Division of Infectious Diseases, Department of Pediatrics, The Hospital for Sick Children, University of Toronto, 555 University Avenue, Toronto, Canada M5G 1X8.
J Cyst Fibros. 2012 Jan;11(1):8-13. doi: 10.1016/j.jcf.2011.07.008. Epub 2011 Aug 16.
Chronic Stenotrophomonas maltophilia infection is a risk factor for pulmonary exacerbation in cystic fibrosis (CF) but its impact on subsequent clinical outcomes is unknown. The aim of this study was to determine the effect of chronic S. maltophilia infection and associated antimicrobial therapy on the recovery of forced expiratory lung volume in 1s (FEV(1)) following pulmonary exacerbation.
This was a retrospective cohort study of patients with CF followed at The Hospital for Sick Children and St. Michael's Hospital from 1997 to 2008. The primary outcome was the difference in FEV(1) percent predicted from baseline to follow up after a pulmonary exacerbation. Secondary outcomes for the effect of antimicrobial therapy included time to subsequent exacerbation.

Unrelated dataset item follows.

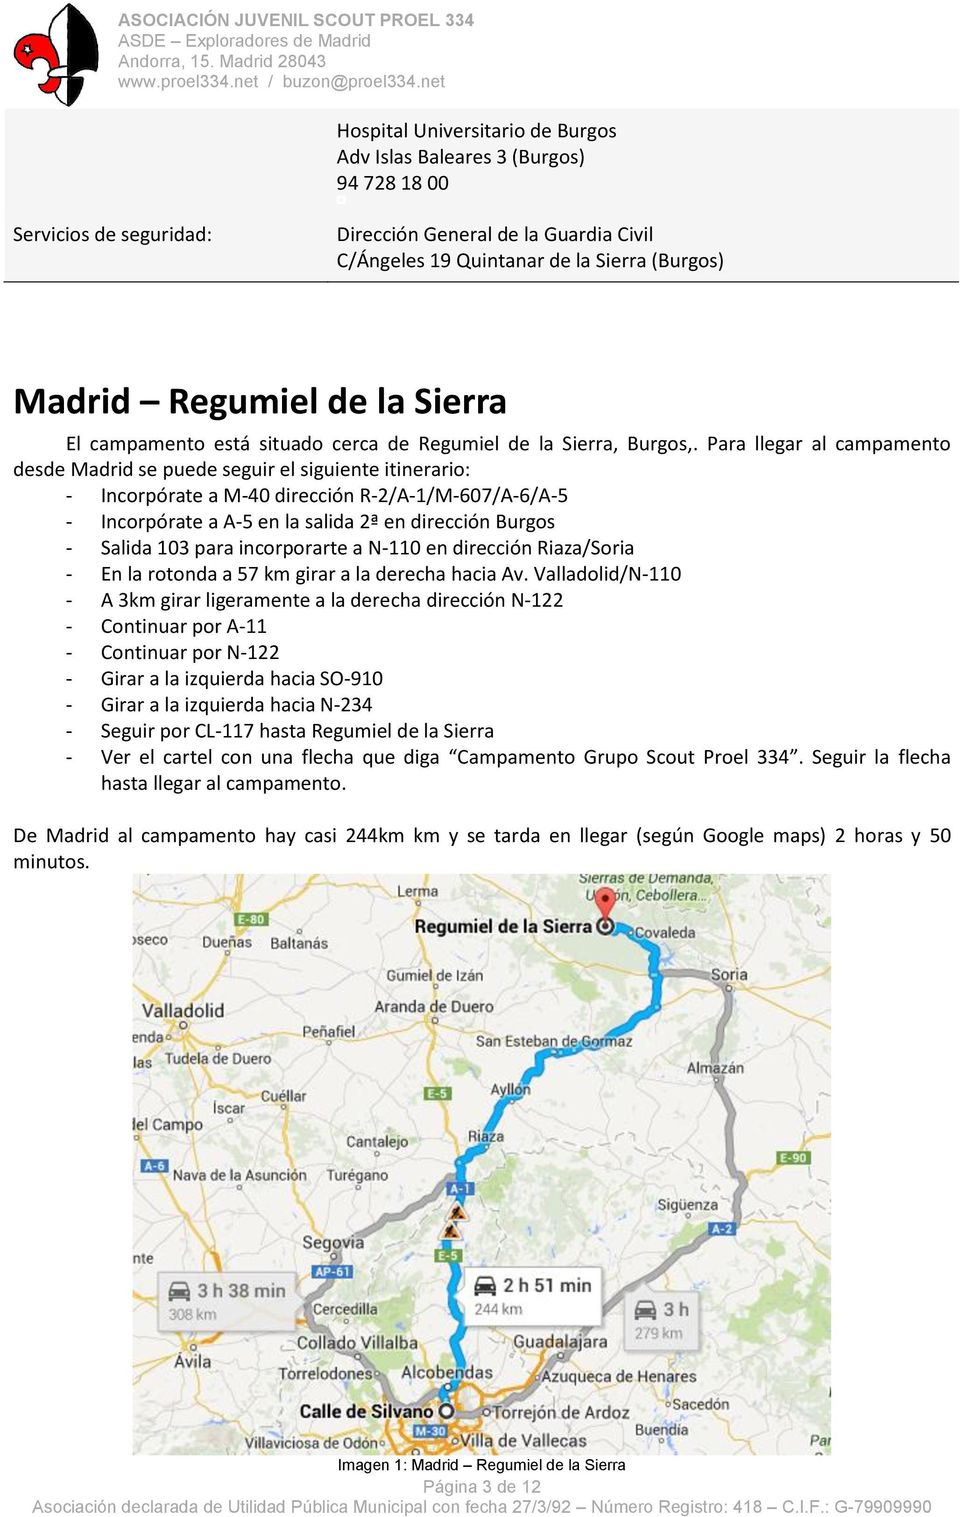 Para llegar al campamento desde Madrid se puede seguir el siguiente itinerario: - Incorpórate a M-40 dirección R-2/A-1/M-607/A-6/A-5 - Incorpórate a A-5 en la salida 2ª en dirección Burgos - Salida
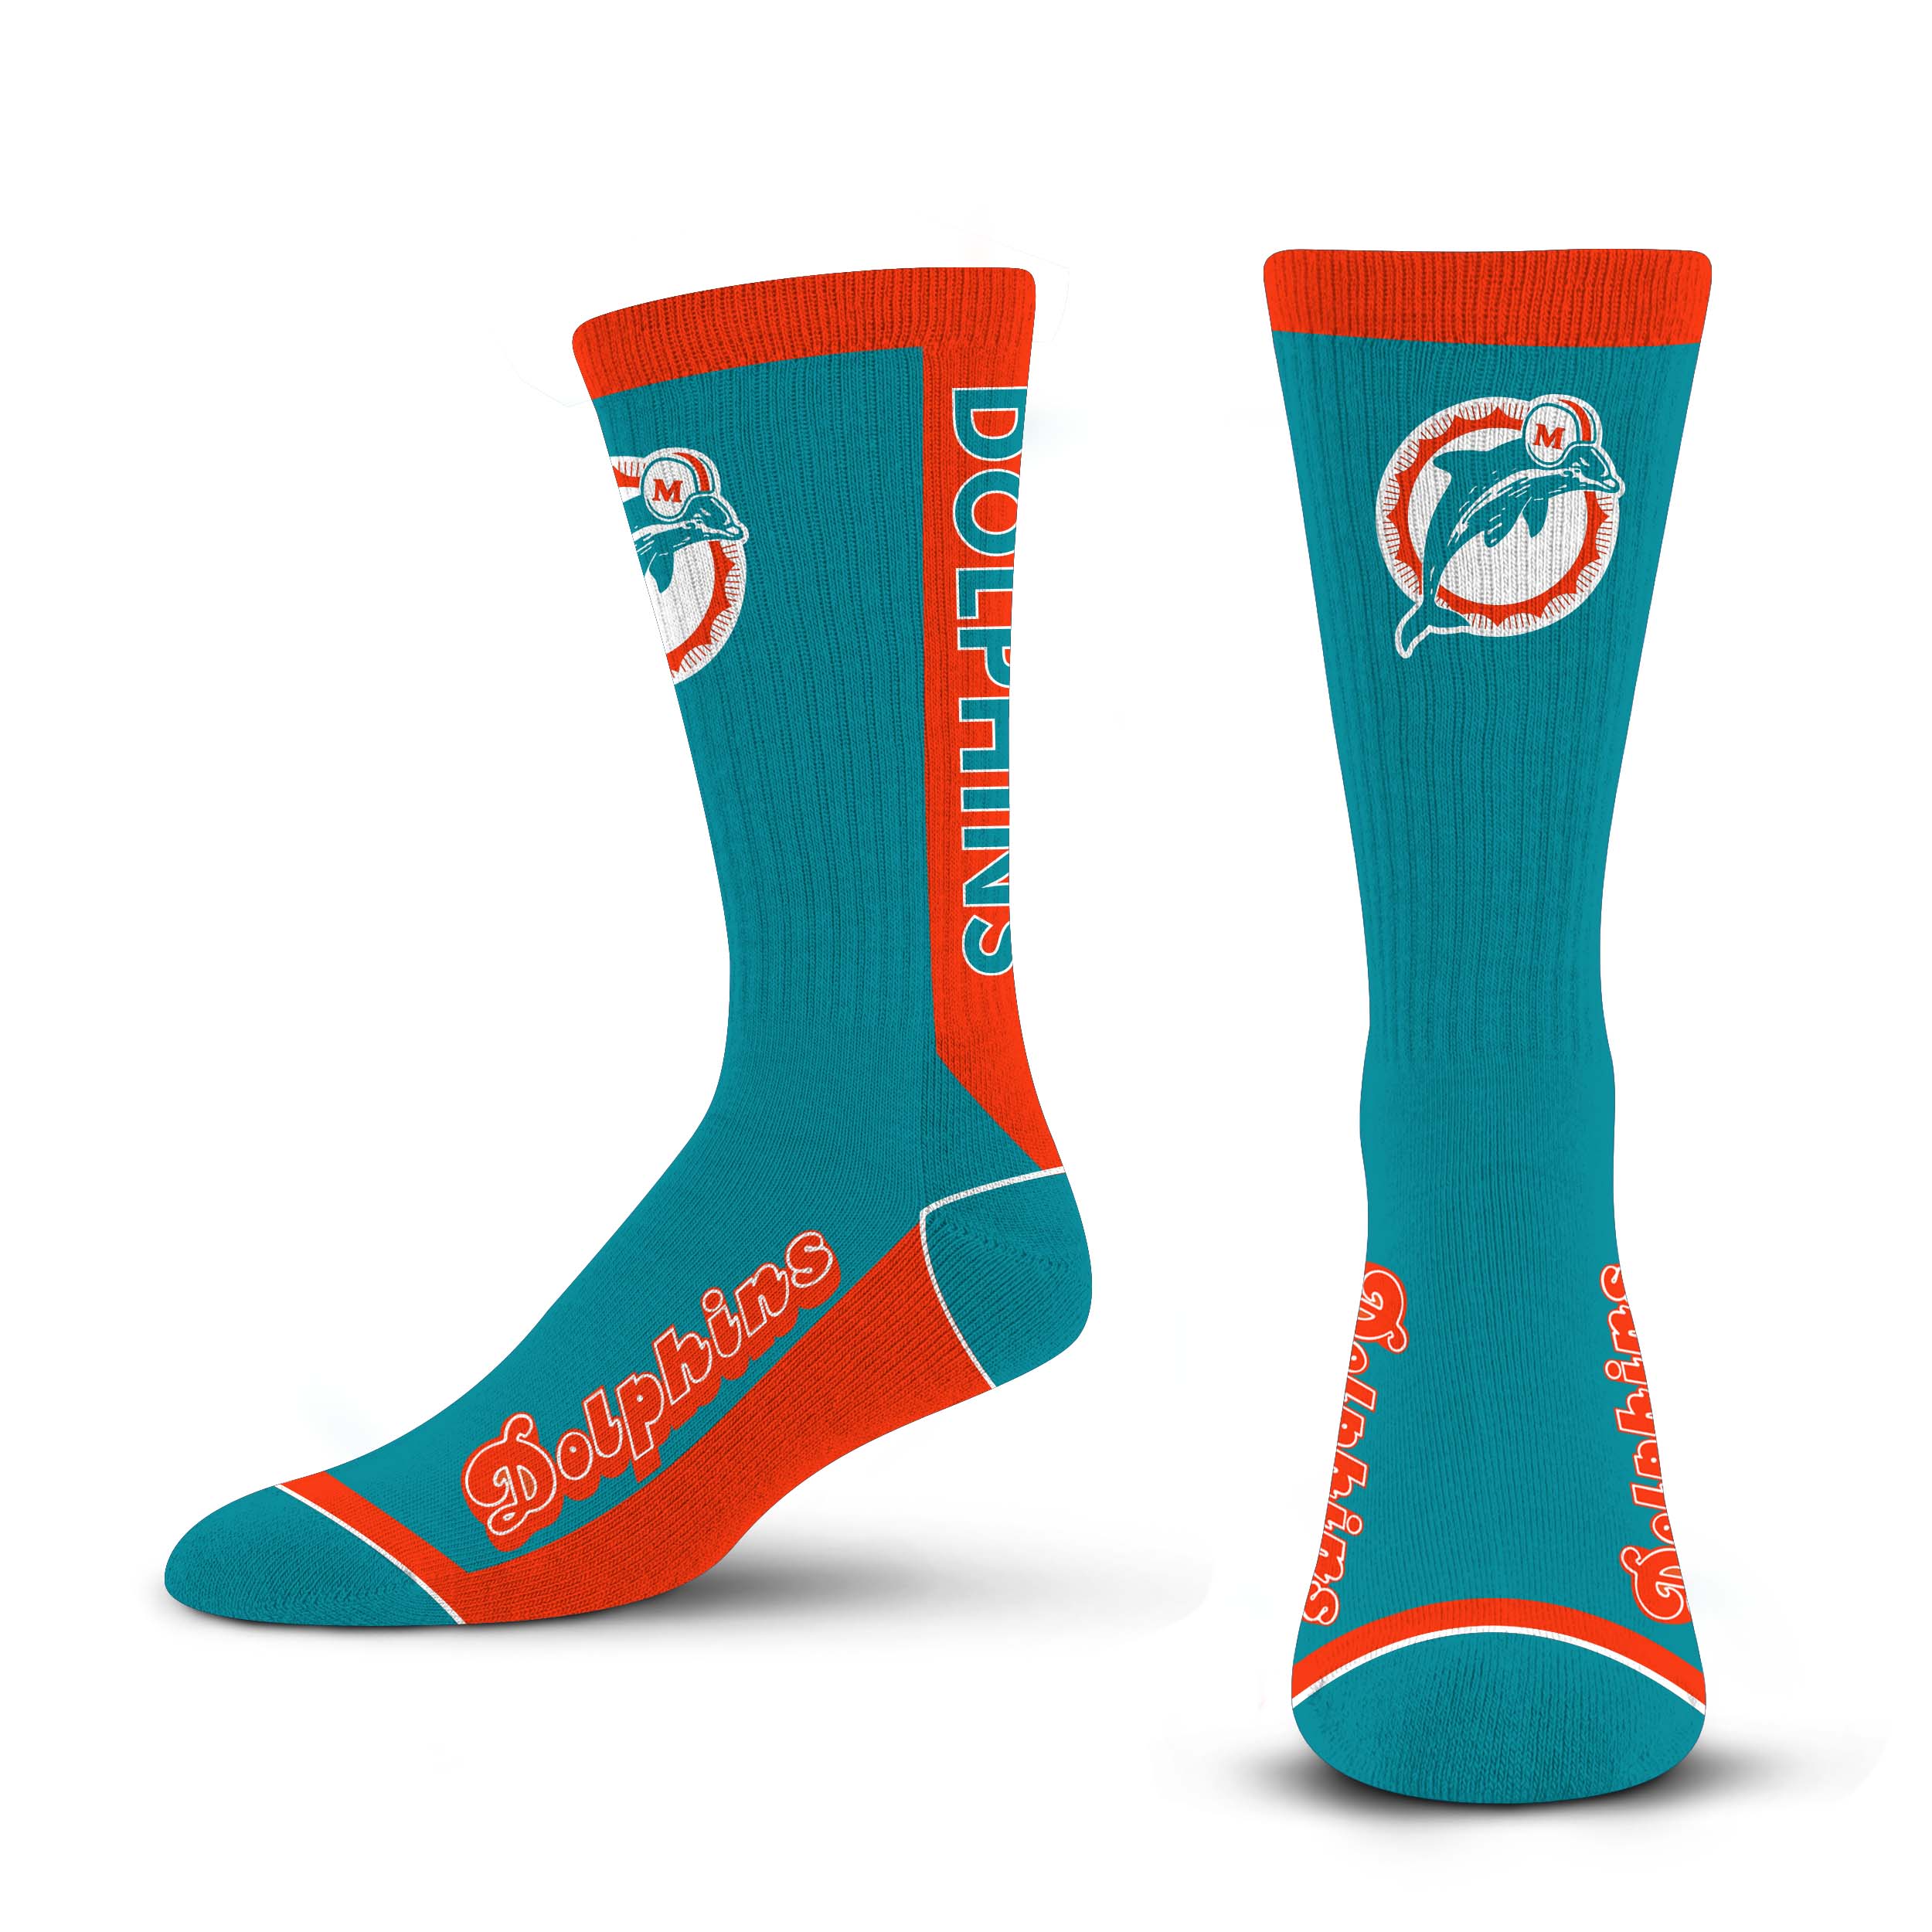 Miami Dolphins Original Logo Retro Socks by For Bare Feet - Aqua/Orange

There were 1667 pulmonary exacerbations in 440 CF patients. Patients with chronic S. maltophilia infection did not recover their baseline FEV(1) following 31% of exacerbations and had an overall mean FEV(1) decline of 1.84% predicted after exacerbation. Older (p=0.02), female (p=0.02) patients with lower BMI z score (p=0.002) and Burkholderia cepacia complex infection (p=0.005), but not chronic S. maltophilia infection (p=0.86), had a greater decrease in follow up FEV(1)% pred compared to baseline. The number of days of antibiotic therapy against S. maltophilia during a pulmonary exacerbation was not associated with a significant difference in the FEV(1) recovery (p=0.69) or with a longer time to subsequent pulmonary exacerbation (p=0.56).
Although CF patients experience a significant decline in lung function following exacerbation, chronic S. maltophilia infection and associated antimicrobial therapy do not affect subsequent lung function recovery.
慢性嗜麦芽窄食单胞菌感染是囊性纤维化(CF)患者肺部恶化的一个危险因素,但它对随后临床结果的影响尚不清楚。本研究旨在确定慢性嗜麦芽窄食单胞菌感染及相关抗菌治疗对 CF 患者肺部恶化后 1 秒用力呼气容积(FEV1)恢复的影响。
这是一项回顾性队列研究,纳入了 1997 年至 2008 年在多伦多 SickKids 医院和 St. Michael's 医院就诊的 CF 患者。主要结局是肺部恶化后随访时 FEV1 预测值与基线时的差异。抗菌治疗效果的次要结局包括随后恶化的时间。
440 例 CF 患者共发生了 1667 次肺部恶化。慢性嗜麦芽窄食单胞菌感染患者中有 31%的恶化后未能恢复其基线 FEV1,总体恶化后 FEV1 预计值下降了 1.84%。年龄较大(p=0.02)、女性(p=0.02)、BMI z 评分较低(p=0.002)、感染铜绿假单胞菌复合群(p=0.005)的患者,与慢性嗜麦芽窄食单胞菌感染患者相比,随访时 FEV1 预测值的下降幅度更大(p=0.005)。肺部恶化期间针对嗜麦芽窄食单胞菌的抗生素治疗天数与 FEV1 恢复无显著差异(p=0.69),也与随后肺部恶化的时间无显著相关性(p=0.56)。
尽管 CF 患者在恶化后肺功能会显著下降,但慢性嗜麦芽窄食单胞菌感染及相关抗菌治疗并不影响随后的肺功能恢复。